Mientras los almanaques se deshojan sobre Malvinas, empleadas y propietarias repasan con escobas plásticas un presente fugaz. Lo hacen con cierta gracia, con un método y una rítmica que ya aplicaron sus antecesores, aunque prefirieran la escoba de paja, que se iba amoldando al estilo del barredor. Una y otra vez recorren la vereda, a favor del viento, desde la línea de edificación al cordón. Saben que el efecto es efímero, pero insisten.
De a ratos se juntan, hablan del clima, de los días más cortos, de la pandemia y, sin querer, emergen las evocaciones del cielo violeta en el túnel vegetal; las anécdotas de los murciélagos que perdían el rumbo y terminaban generando espanto dentro de las casas; del sillón y la reposera en la vereda, que solía reunir a más de una familia; y las escapadas hasta el Bar Alberto para darse una panzada de alemanidad.

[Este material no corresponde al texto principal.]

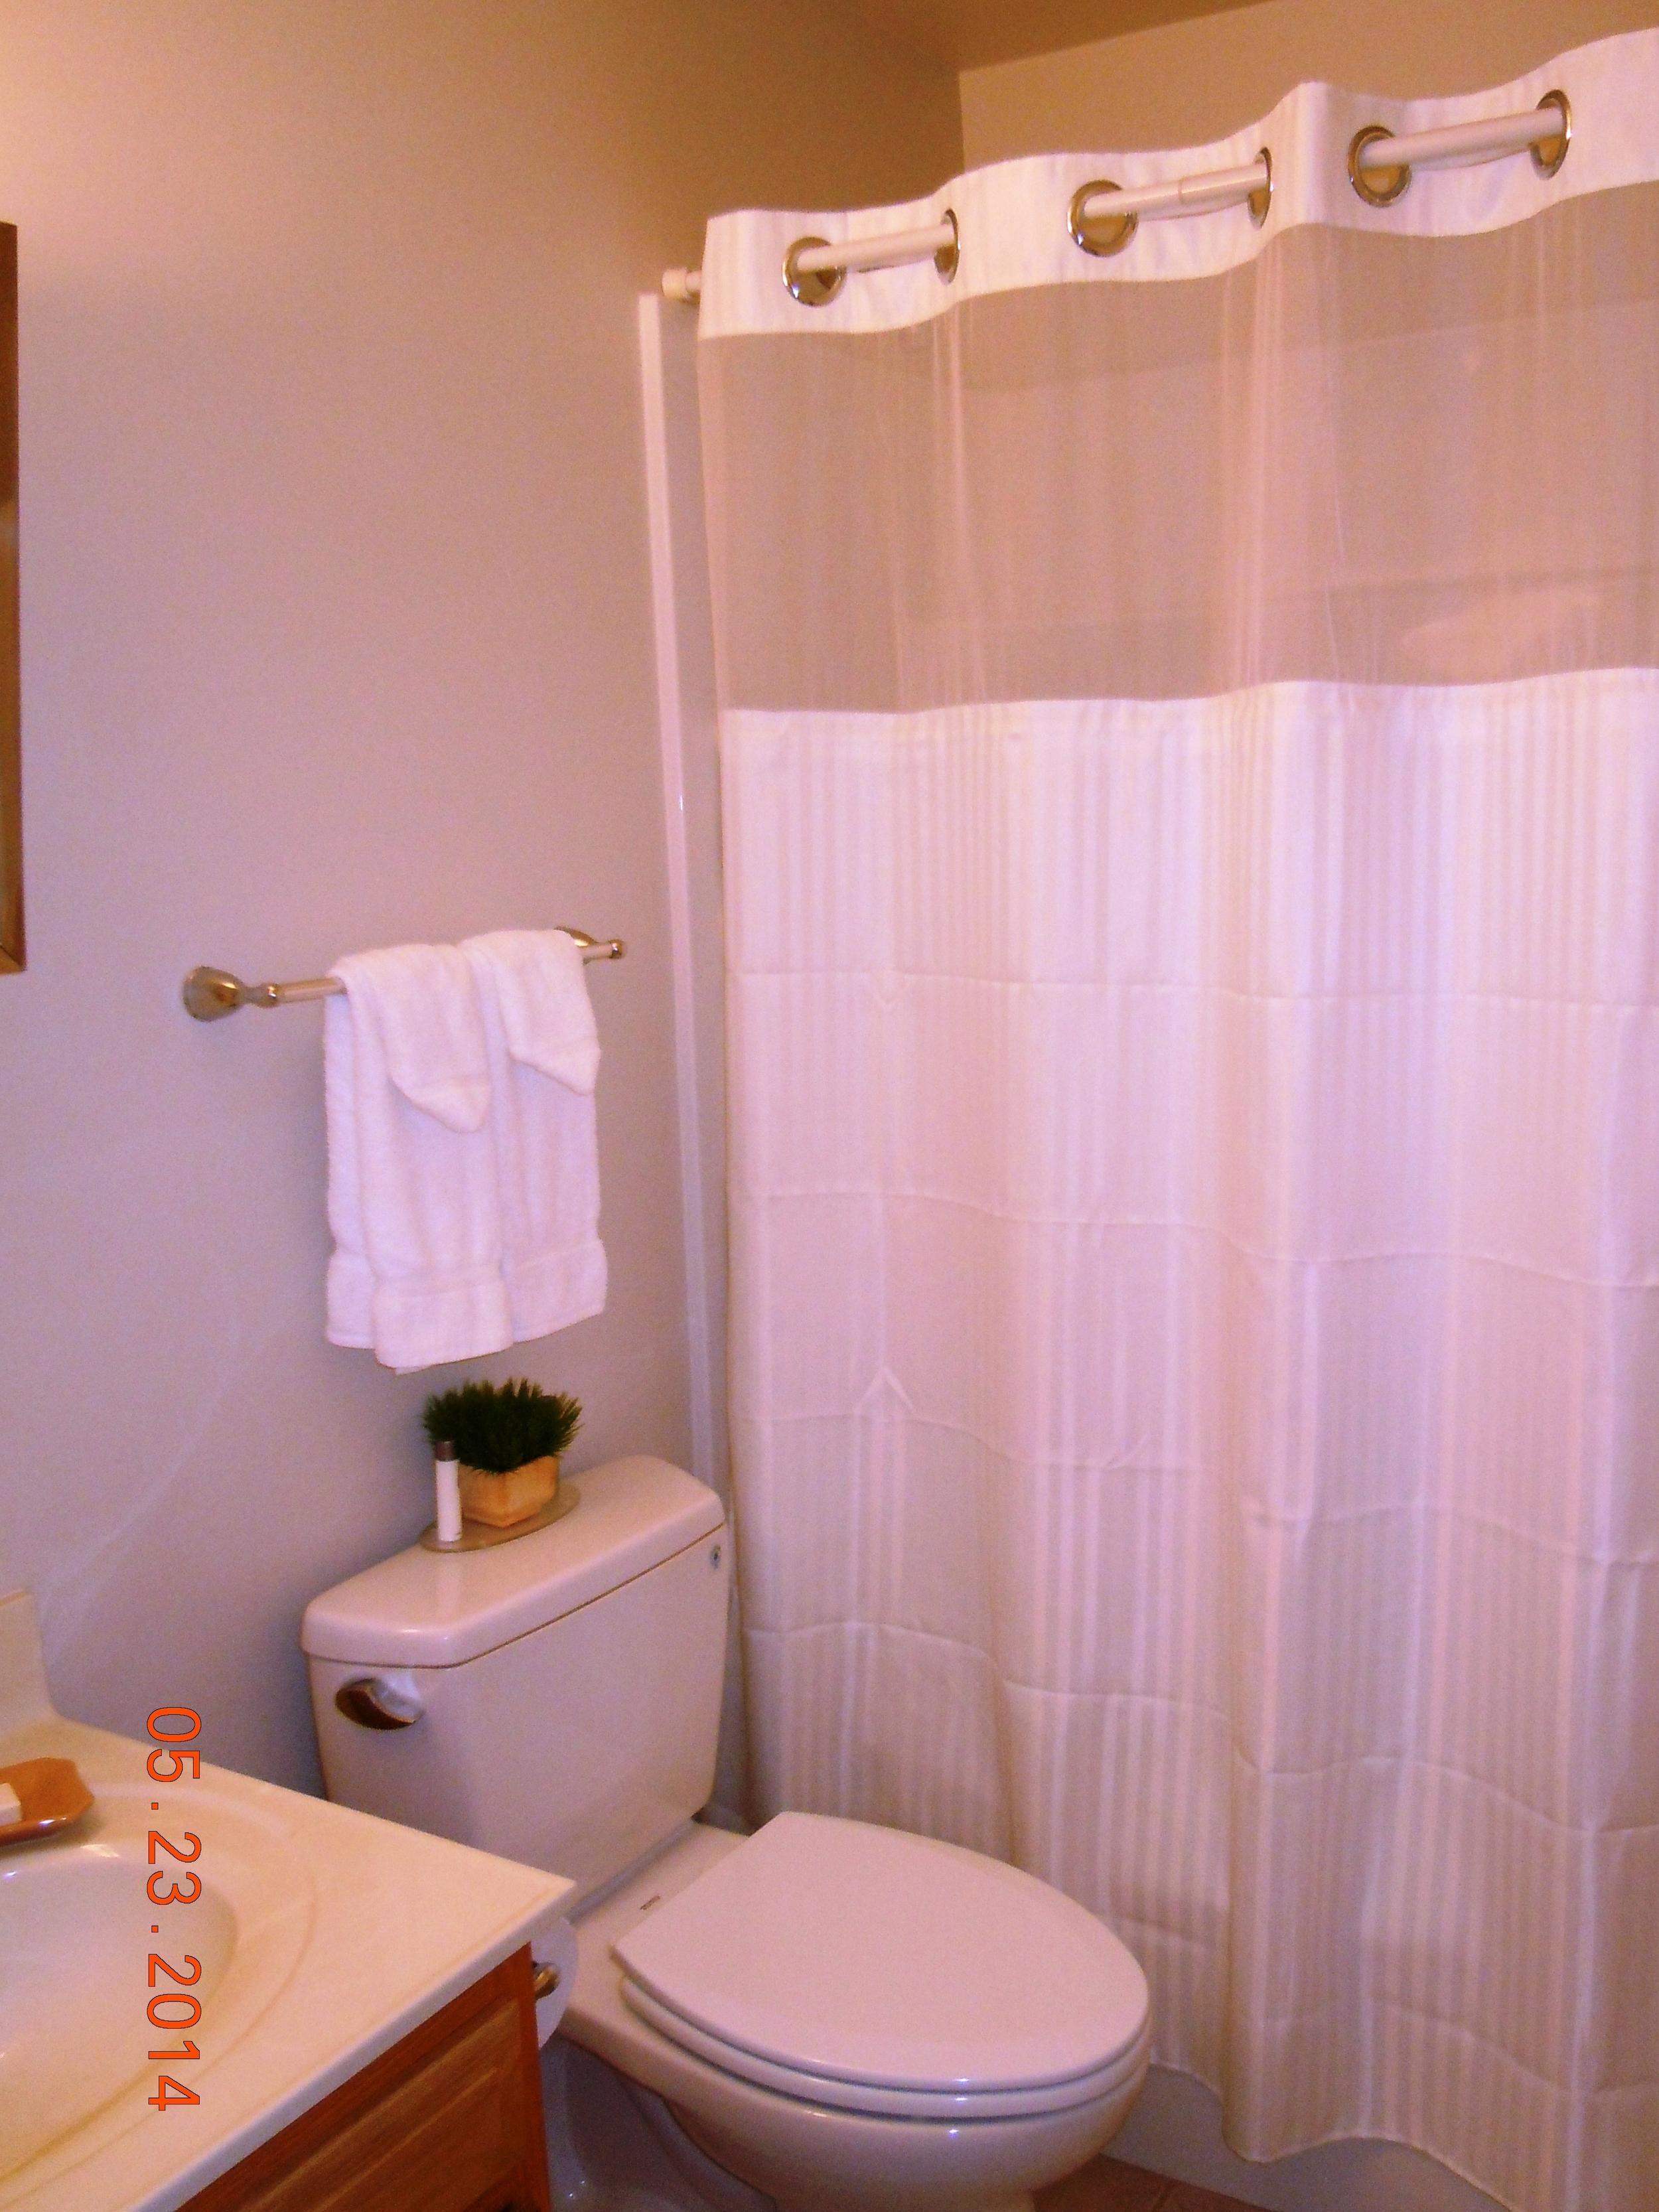 Apartment Guide Pictures (Dodi) 002.jpg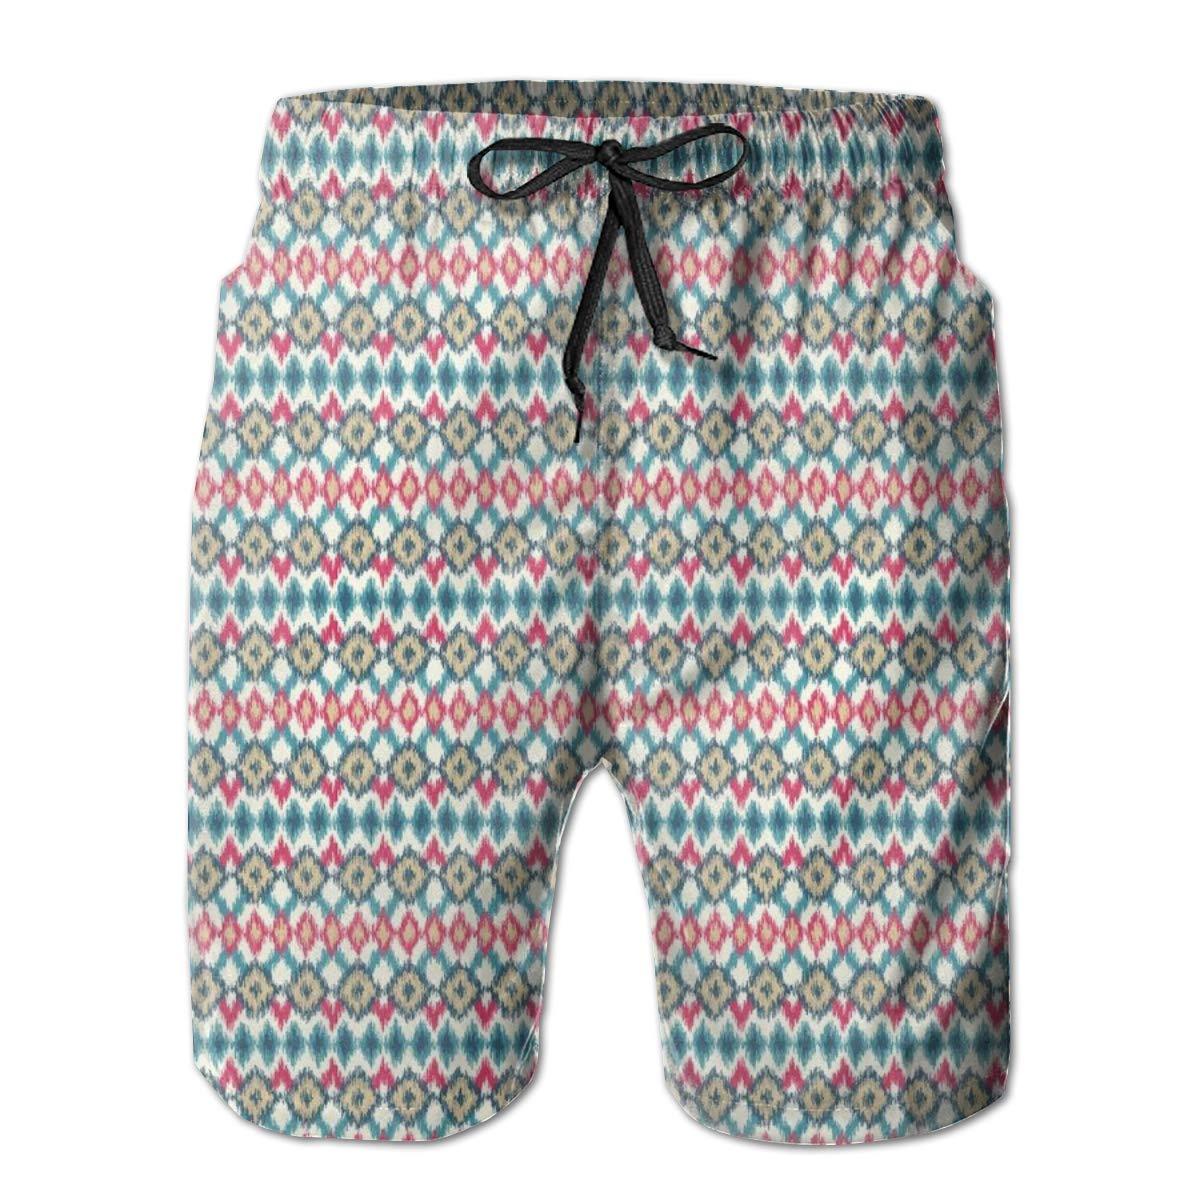 lsrIYzy Men Swim Trunks Beach Shorts,Authentic Mandala Inspired Composition Man Posture Asana Meditation Print

Durante esos suspiros, la circunspecta puntualidad de Luciano Cozza vuelve a enderezar sus pasos hacia El Diario. De espaldas al dibujante, en el banco de plaza del 233 un papá sienta a sus pequeñas de ojos claros, una en cada pierna y, mientras las gurisas se disputan el abrazo y hacen equilibrio para no caer al abismo del olvido, regresan los fuentones de aluminio al medio de la calle y, con ellos, los carnavales con bombitas o globos de los que participaban grandes y chicos.
Entonces, mientras sonríe, Malvinas respira profundamente y se prepara para los cambios que no puede detener.